Dataset
本文的数据集hollywood_movies.csv是好莱坞2007到2011年的电影的信息,可视化的目标是更好的理解好莱坞的基本经济以及探索电影成功的异常性质。
- 下面是csv文件中某些重要的属性
Year: the year the movie was released.
Critic Rating: average rating by the critics.
Audience Rating: average rating by the audience.
Genre: the genre the movie belongs to. (电影类型)
Budget: the movie’s budget, in millions of dollars.(国内(美国)收入)
Domestic Gross: domestic (U.S.) revenue, in millions of dollars.(国外收入)

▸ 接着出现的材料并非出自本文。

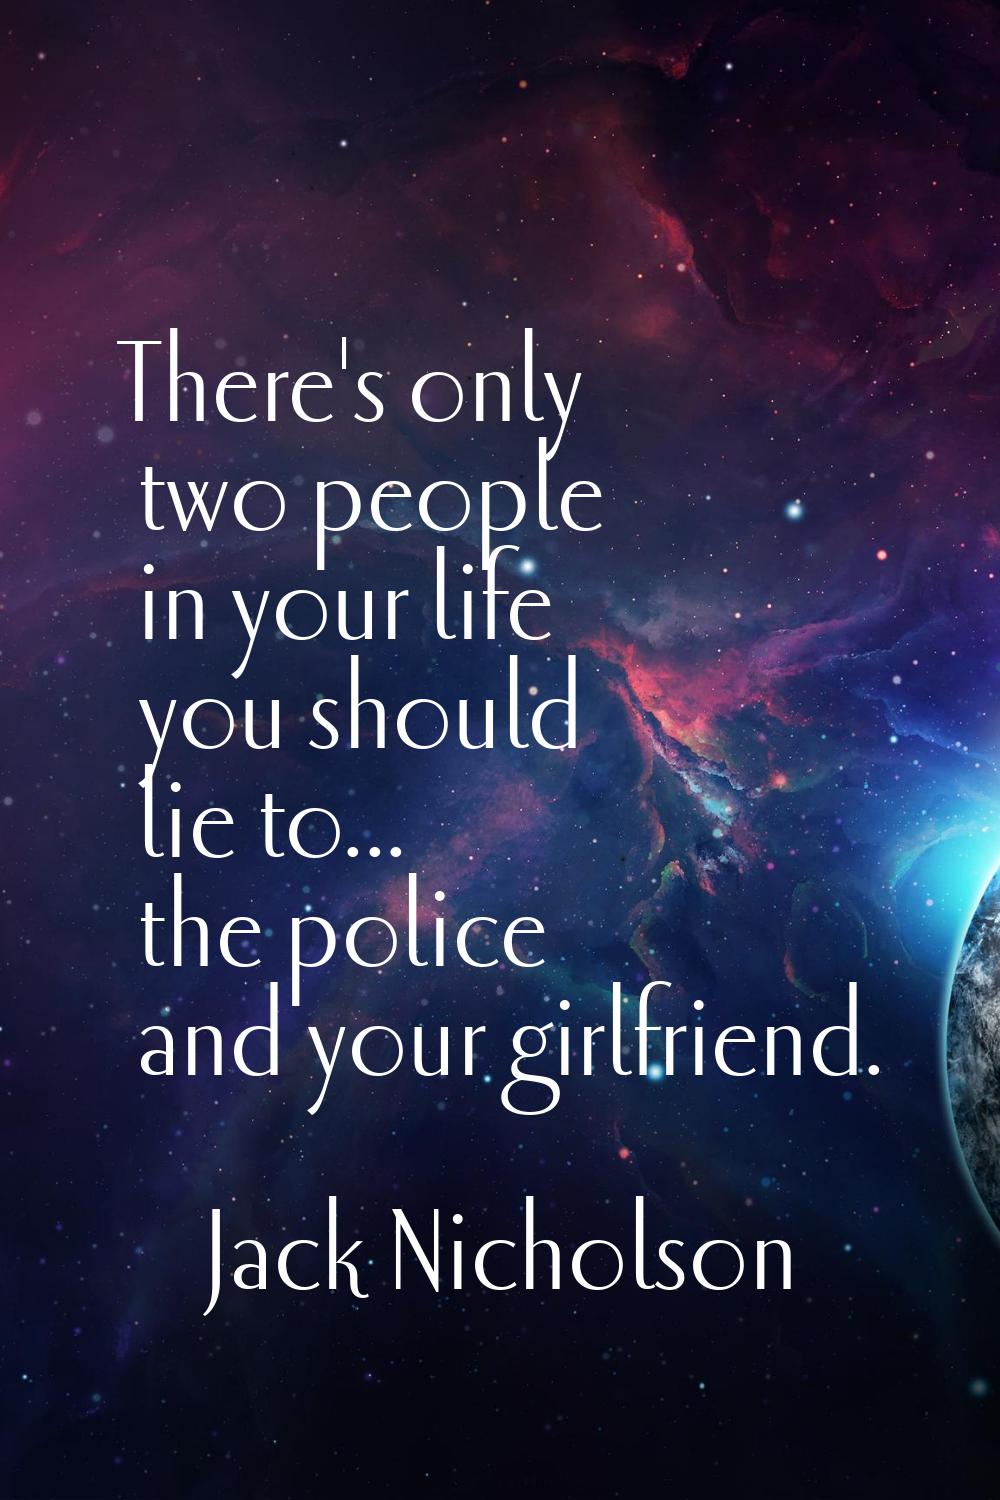 There's only two people in your life you should lie to... the police and your girlfriend.

Worldwide Gross: total revenue worldwide, in millions of dollars.(全球总收入)
Profitability: ratio of Budget to Worldwide Gross.
- 因为exclude这一列都是空值,因此用drop函数将其删掉
import matplotlib.pyplot as plt
import pandas as pd
import seaborn as sns
hollywood_movies = pd.read_csv("hollywood_movies.csv")
hollywood_movies = hollywood_movies.drop("exclude", axis=1)
Scatter Plots - Profitability And Audience Ratings
- 观察电影的收益与观众评论的关系
fig = plt.figure(figsize=(6,10))
ax1 = fig.add_subplot(2,1,1)
ax2 = fig.add_subplot(2,1,2)
ax1.scatter(hollywood_movies["Profitability"], hollywood_movies["Audience Rating"])
ax1.set_ylabel("Audience Rating")
ax1.set_xlabel("Profitability")
ax1.set_title("Hollywood Movies, 2007 - 2011")
ax2.scatter(hollywood_movies["Audience Rating"], hollywood_movies["Profitability"])
ax2.set_ylabel("Profitability")
ax2.set_xlabel("Audience Rating")
ax2.set_title("Hollywood Movies, 2007 - 2011")
plt.show()
Scatter Matrix - Profitability And Critic Ratings
上面两个图中都有一个离群点,因此需要过滤掉这个电影然后对其他的数据进行可视化。
- scatter_matrix函数优点类似Seaborn中的Pairplot函数,就是描述属性的两两匹配,但这里不同的是,只有两个属性,但是匹配的方式是调换横纵坐标并且刻画散点图和柱状图,总共产生四个图。
from pandas.tools.plotting import scatter_matrix
normal_movies = hollywood_movies[hollywood_movies["Profitability"] < 10000]
scatter_matrix(normal_movies[["Profitability", "Audience Rating"]], figsize=(6,6))
Box Plot - Audience And Critic Ratings
- 这里调用的是DataFrame自己的可视化工具,当然也是基于matplotlib的。
normal_movies[["Critic Rating", "Audience Rating"]].plot(kind="box")
Box Plot - Critic Vs Audience Ratings Per Year
- 可视化每年的观众评论和专家评论的盒图,利用Seaborn
fig = plt.figure(figsize=(8,4))
ax1 = fig.add_subplot(1,2,1)
ax2 = fig.add_subplot(1,2,2)
normal_movies = normal_movies.sort("Year")
sns.boxplot(data=normal_movies[pd.notnull(normal_movies["Genre"])], x="Year", y="Critic Rating", ax=ax1)
sns.boxplot(data=normal_movies[pd.notnull(normal_movies["Genre"])], x="Year", y="Audience Rating", ax=ax2)
plt.show()
Box Plots - Profitable Vs Unprofitable Movies
- 可视化盈利电影和非盈利电影,创建了一个属性Profitable:是否盈利
def is_profitable(row):
if row["Profitability"] <= 1.0:
return False
return True
normal_movies["Profitable"] = normal_movies.apply(is_profitable, axis=1)
fig = plt.figure(figsize=(12,6))
ax1 = fig.add_subplot(1,2,1)
ax2 = fig.add_subplot(1,2,2)
sns.boxplot(x="Profitable", y="Audience Rating", data=normal_movies, ax=ax1)
sns.boxplot(x="Profitable", y="Critic Rating", data=normal_movies, ax=ax2)